Do I need to add the prefix "query: " and "passage: " to input texts?

Yes, this is how the model is trained, otherwise you will see a performance degradation.

Here are some rules of thumb:

- Use _"query: "_ and _"passage: "_ correspondingly for **asymmetric tasks** such as passage retrieval in open QA, ad-hoc information retrieval.
- Use **"query: "** prefix for **symmetric tasks** such as semantic similarity, paraphrase retrieval.
- Use **"query: "** prefix if you want to use embeddings as features, such as linear probing classification, clustering.
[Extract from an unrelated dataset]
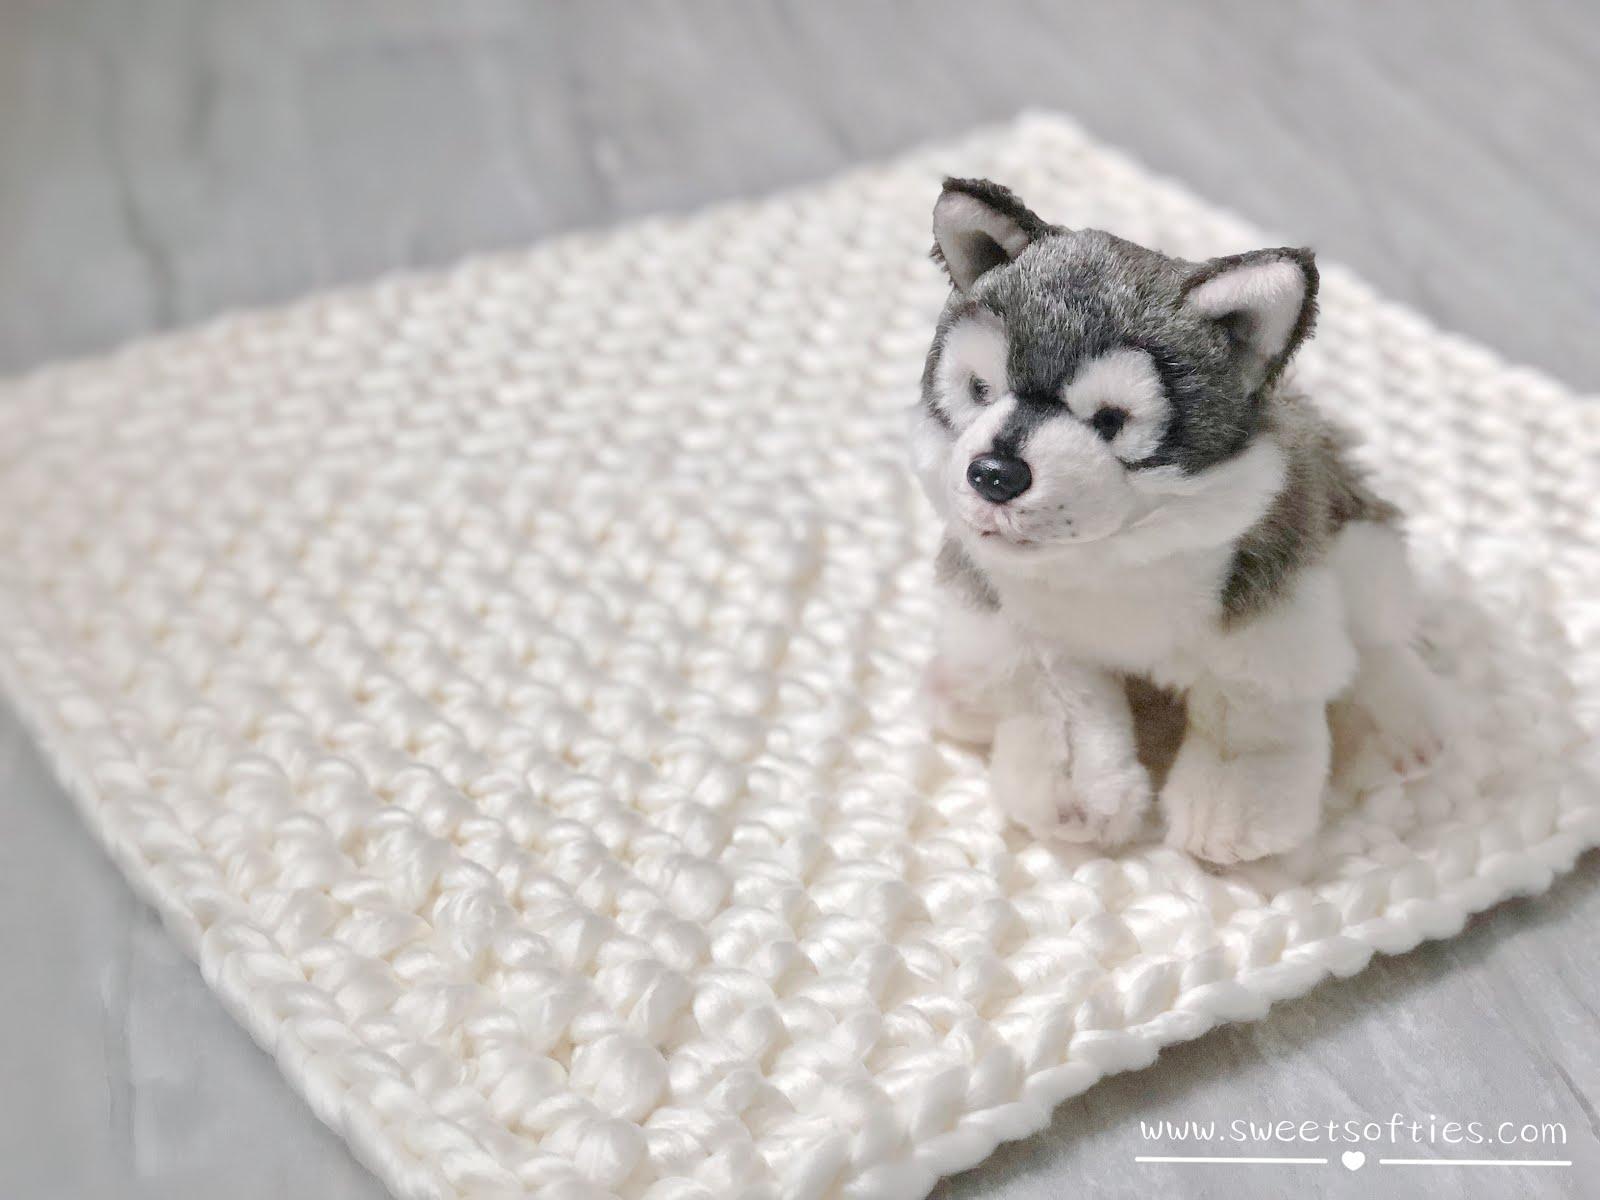 Amigurumi Today - Free amigurumi patterns and amigurumi tutorials | 1200x1600

Ref: <https://huggingface.co/intfloat/e5-base-v2#faq>


#### Uncomment below code block if you are invoking an existing endpoint


In [None]:
# endpoint_name = "gte-base-cc0cc-03Aug2023"
# predictor = Predictor(
#     endpoint_name=endpoint_name,
#     sagemaker_session=session,
#     serializer=JSONSerializer(),
#     deserializer=JSONDeserializer()
# )

In [None]:
sentences = ["That is a happy person", "That is a very happy person"]

embeddings = predictor.predict(sentences)

print(f"Embedding dimensions: {len(embeddings[0])}")
print(embeddings[0])

### Cleanup


In [None]:
# predictor.delete_model()
# predictor.delete_endpoint()